The bankruptcy court clearly has the power in the first instance to determine whether it has jurisdiction to proceed. Chicot Co. Drainage Dist. v. Baxter State Bank, 308 U.S. 371, 376-77, 60 S.Ct. 317, 319-20, 84 L.Ed. 329 (1940); United States v. United Mine Workers, 330 U.S. 258, 292 n. 57, 67 S.Ct. 677, 695 n. 57, 91 L.Ed. 884 (1947); Monte Vista Lodge v. Guardian Life Ins. Co. of America, 384 F.2d 126, 129 (9th Cir.), cert. denied, 390 U.S. 950, 88 S.Ct. 1041, 19 L.Ed.2d 1142 (1967); In re Dolly Madison Industries, Inc., 326 F. Supp. 441 (E.D.Pa. 1971). In Chicot, the Court stated that "lower federal courts are all courts of limited jurisdiction . . . . But none the less they are courts with authority . . . to determine whether or not they have jurisdiction to entertain the cause and for this purpose to construe and apply the statute under which they are asked to act." 308 U.S. at 376, 60 S.Ct. at 319. In United Mine Workers, the Court similarly stated that federal courts have jurisdiction to determine jurisdiction and "may either have to determine the facts . . . or the law, as whether the case alleged arises under a law of the United States." 330 U.S. at 292-93 n. 57, 67 S.Ct. at 695 n. 57. And it is equally clear that a court may allow or order discovery to aid in determining whether it has jurisdiction. Wells Fargo Co. v. Wells Fargo Exp. Co., 556 F.2d 406, 430 n. 24 (9th Cir. 1977) (citing cases).

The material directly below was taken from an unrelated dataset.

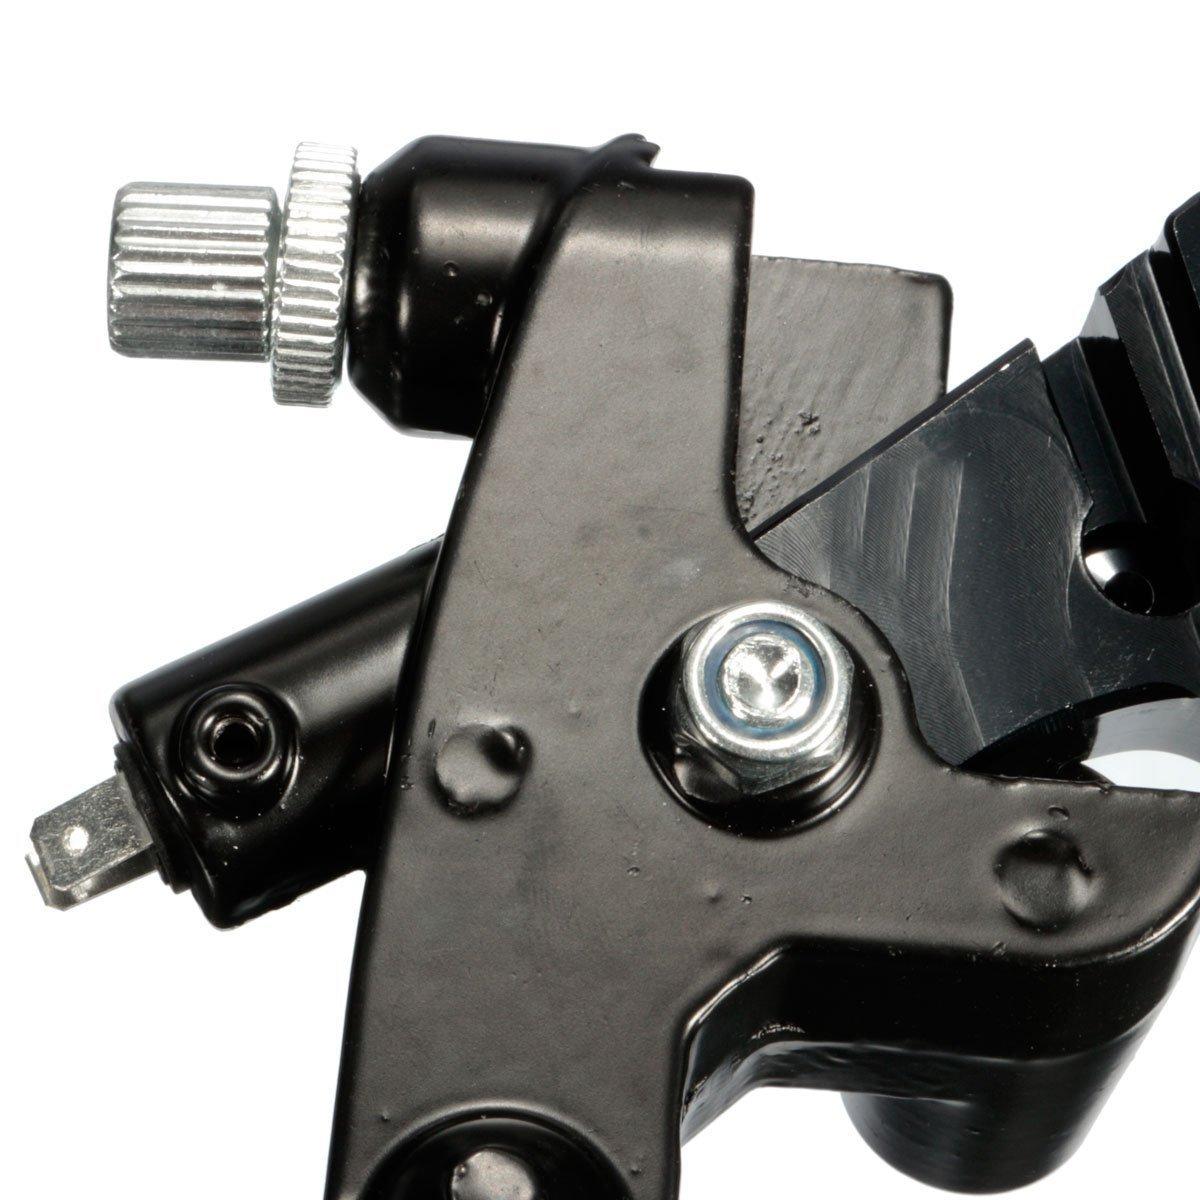 Universal Motorcycle Adjustment Front Brake Master Cylinder Clutch Lever For Sport Bike//Street Bike//Scooter red Dirt Bike With 7//8 22mm Standard Handle Bar.
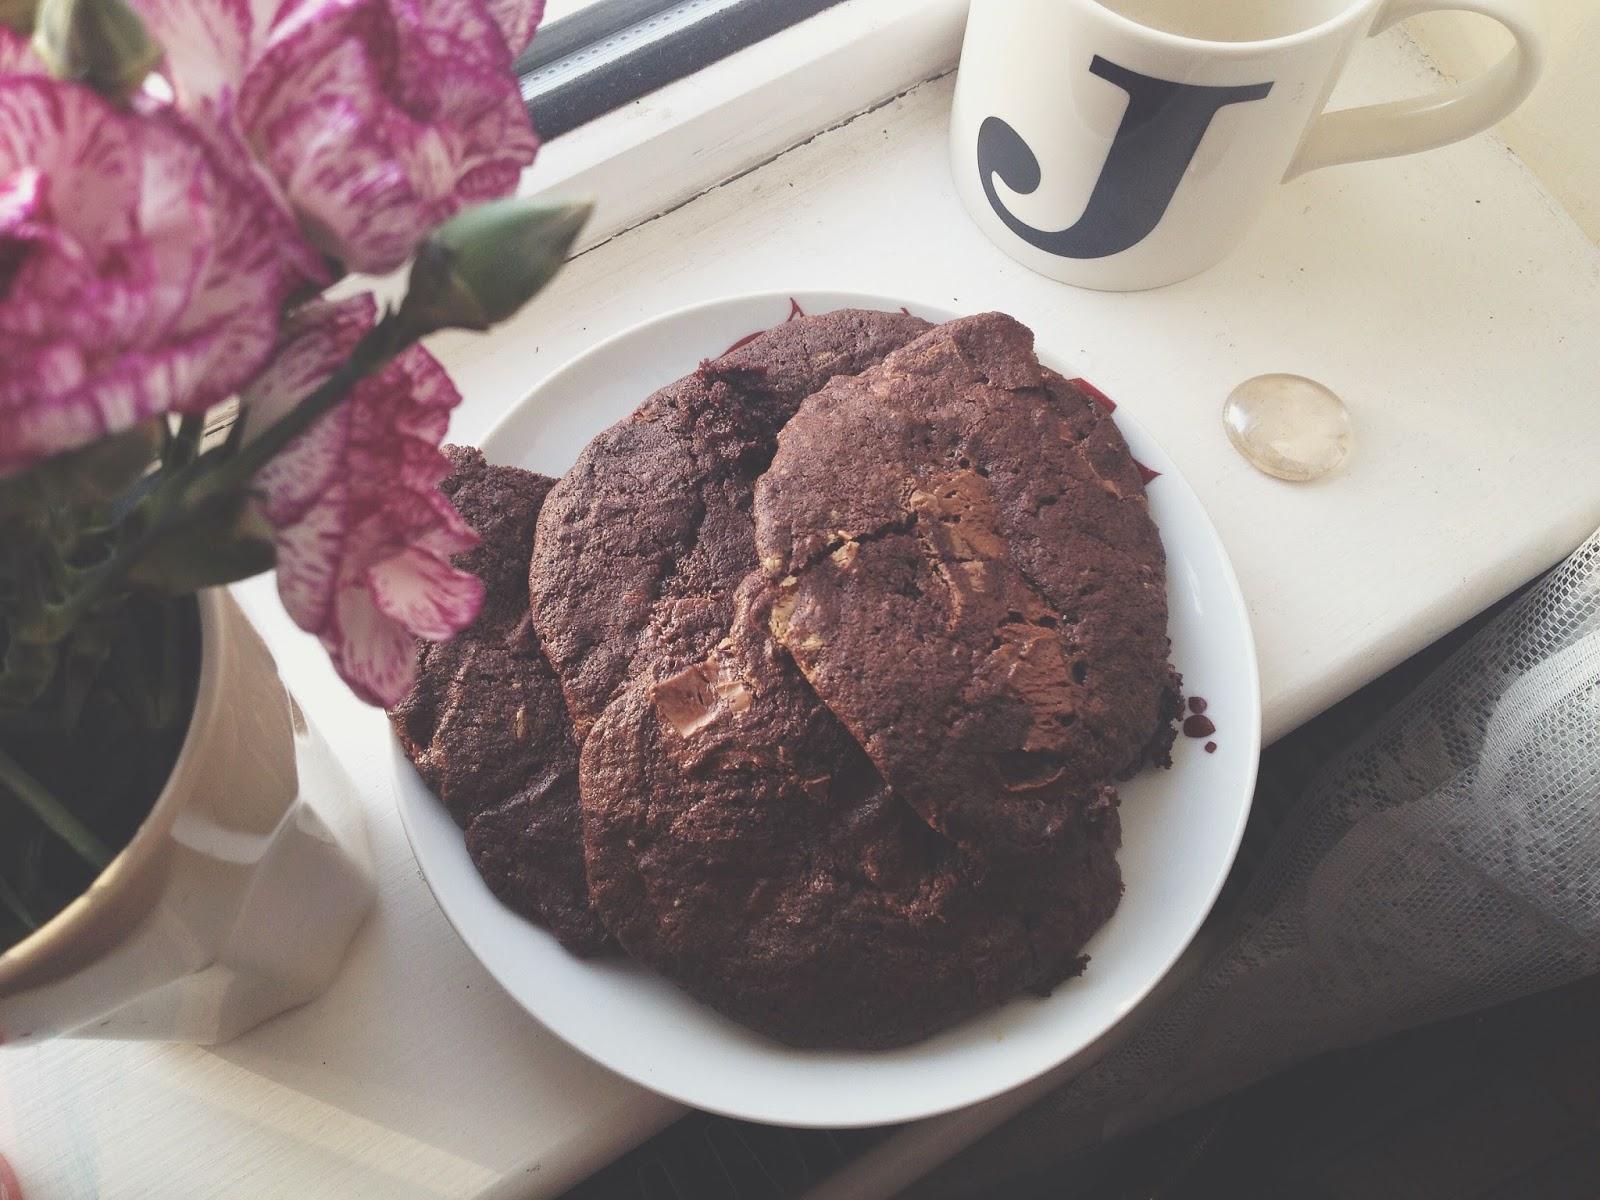 Milky Way Chocolate Chip Cookies

Thus, VCDC's argument that the court lacked jurisdiction to enter default is without merit. The Bankruptcy Judge properly construed and applied the bankruptcy statute and rules in determining the contested jurisdictional issue. Bankruptcy Rule 115(a) requires that a court "shall determine the issues of a contested petition at the earliest practicable time and adjudicate the debtor a bankrupt, dismiss the case, or enter such other order as may be appropriate." Under this rule and the reasoning of the prior authorities, the bankruptcy court was the proper forum to determine the jurisdictional objections lodged as an affirmative defense to the involuntary petition.
II. Rule 37 Default Sanctions
VCDC deliberately and obstinately refused to cooperate with discovery requests and court orders relevant to the jurisdictional issue. The bankruptcy court, faced with an obstreperous alleged bankrupt, unequivocally had the power to apply Fed.R.Civ.P. 37 sanctions for obstruction of discovery. Bankruptcy Rule 121 provides, inter alia, that Bankruptcy Rule 737 applies to contested petitions and makes clear that references in the Federal Rules of Civil Procedure to complaints shall be read as references to a petition. Rule 737 incorporates Rule 37 of the Federal Rules of Civil Procedure.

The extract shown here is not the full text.